I’m a bettin’ woman, so my bet is on the young people who are in motion based upon the latest mass shooting. This could finally be the time that some reform in gun laws gets traction. No matter how small that change is, it will be the action that cracks the door for more and bigger actions. The students at Marjory Stoneman Douglas High School have lit a prairie fire.

I thought surely there’d be some action by Congress when one of their own (U.S. Rep. Gabrielle Gifford) was a target of gun violence in 2011. I knew we had hit rock bottom when young children at Sandy Hook Elementary School became casualties the following year and watched with disgust as the NRA doubled-down.

Here we are again, locked in a now predictable cycle: mass shooting, outrage and grief, aggressive push for reforms, pushback by the National Rifle Association, retreat until the next tragedy strikes.
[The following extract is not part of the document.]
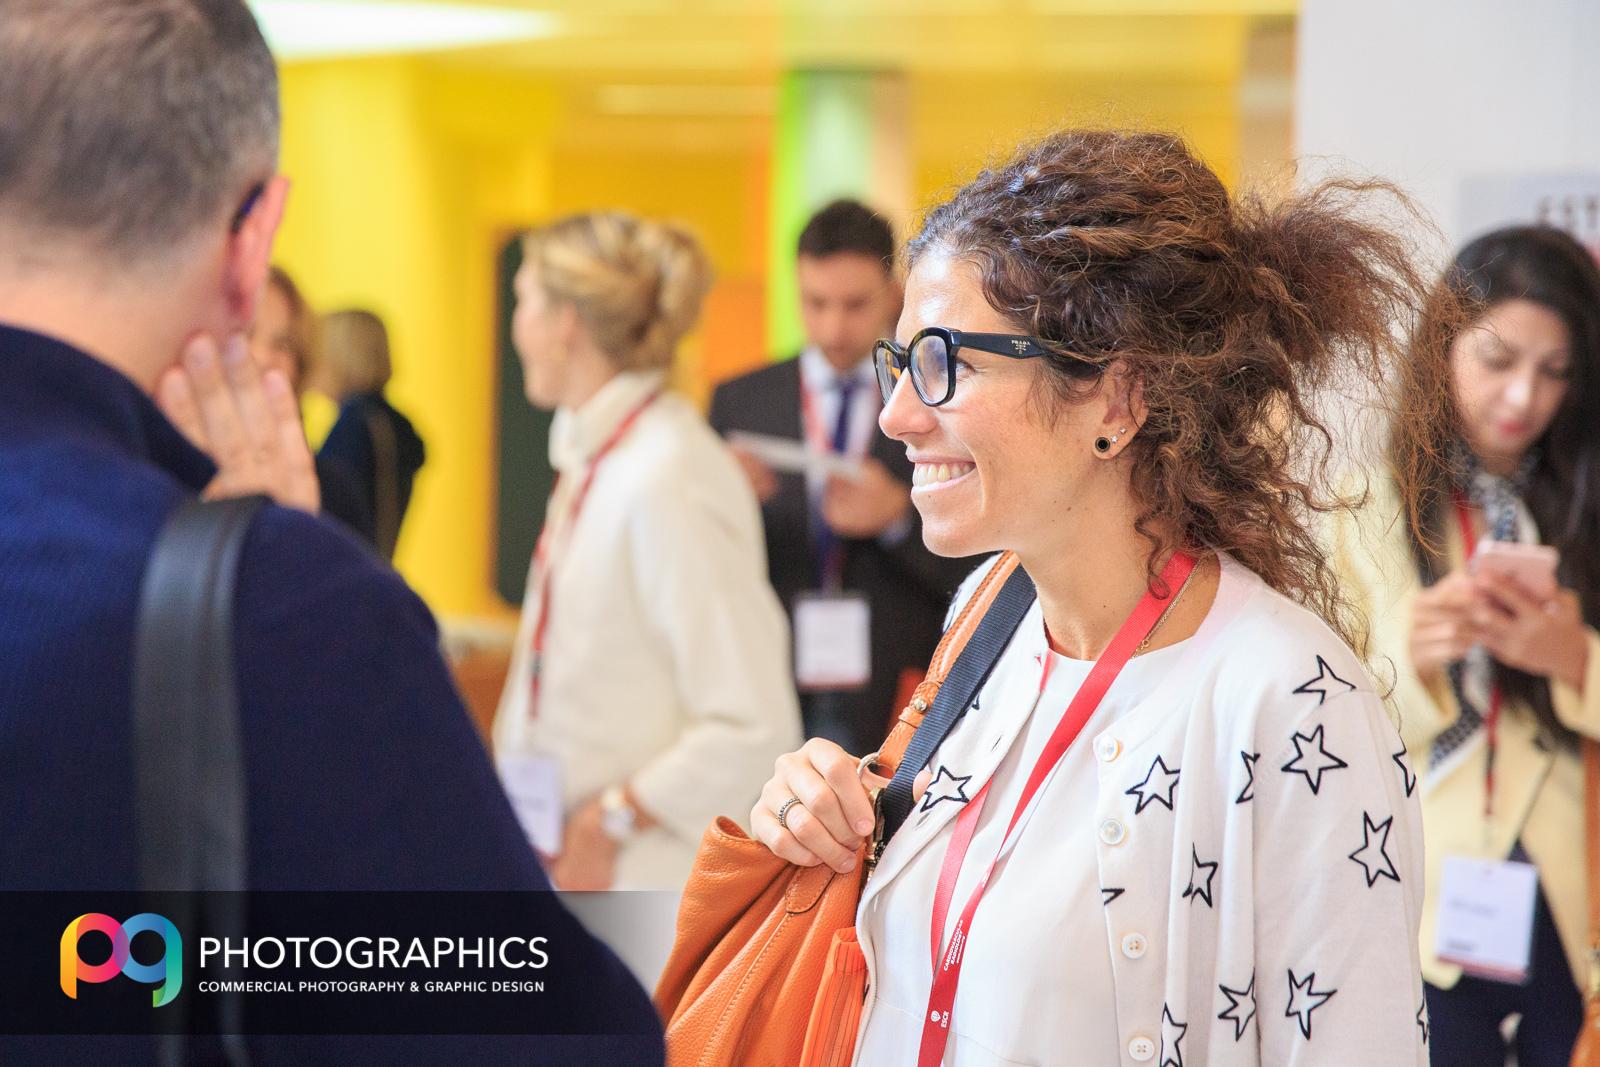 ESCR-2018-conference-event-photography-UK-glasgow-edinburgh-14.jpg

We have accepted this reality because as we have refused to get to the roots of our violence problem. Instead, we choose to arm ourselves to deal with anticipated, inevitable violence that is happening all around us on so many levels. Face it: We are a violent nation.

It’s not just about the growing and more deadly massacres carried out by mainly white males with automatic weapons. I’m talking about police violence, military violence, state executions, domestic violence, sexual violence, gender violence, racial violence, religious violence, intra-race community violence. There’s bullying by all ages. There’s the mayhem and destruction caused by policy and legislation.
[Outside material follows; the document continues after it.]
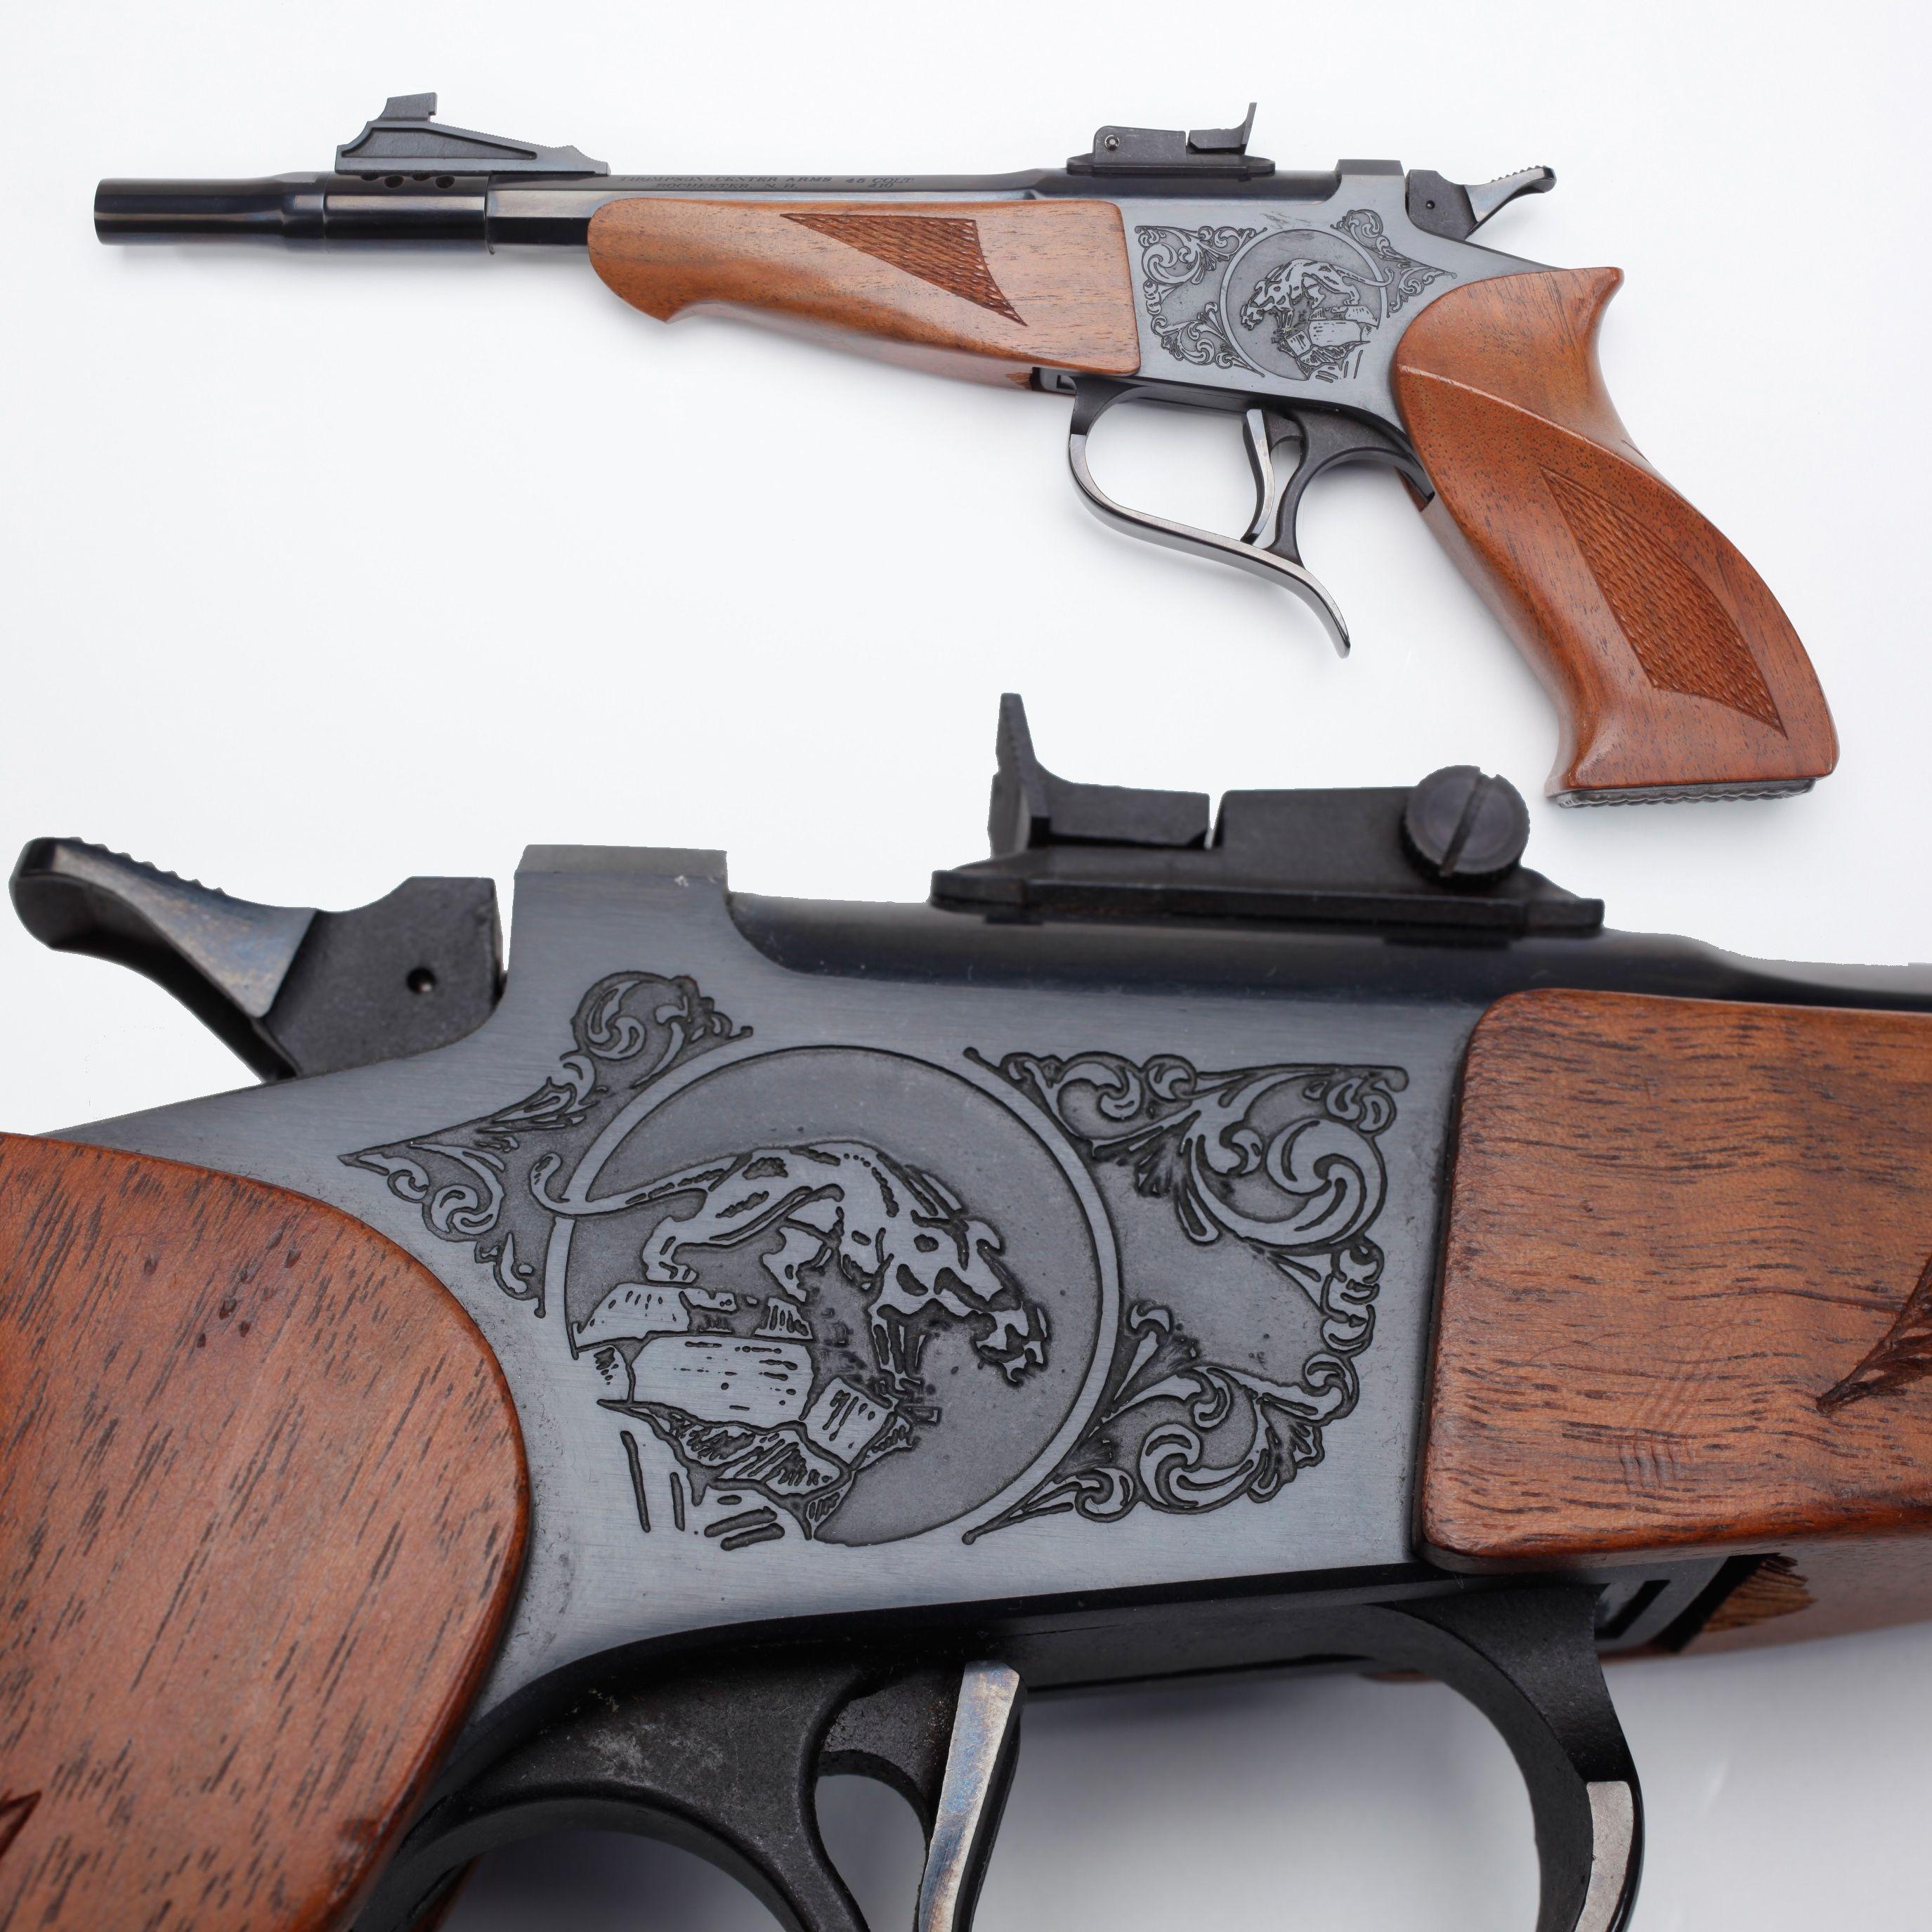 Thompson/Center Contender pistol Now part of Smith

Violence is most thought of in terms of physical violence, but it’s also verbal, psychological, cultural and social. We. Are. A. Violent. Nation.

Let’s not get too hung up with issues like access to mental health services; everyone who does physical harm to someone is not necessary mentally ill. This is about our collective propensity towards violence.

If we really start to get to the root of U.S. violence, we will see that capitalism relies heavily on working class people blaming the “other” while the One Percenters watch in delight all the way to the banks. Who gets the good-paying jobs, who gets the harshest prison sentence, who gets the substandard house in a hyper-segregated neighborhood, who gets access to quality education – all these indicators that affect quality of life are daily, controlled battles designed to keep us stressed while a growing oligarchy dismantles any semblance of democratic structures and processes.

So, look over your shoulders, adults with power to make changes but who care more about money than the lives of young people. History has showed us time and time again that the impatience of the youth for injustice and inhumanity often accelerate the slow wheels of change.

These are not actors; they are citizens and future voters. To the Marco Rubios and Roy Blunts of the world, they are coming after your seat. You are standing in the way of young people who are fighting for their very lives.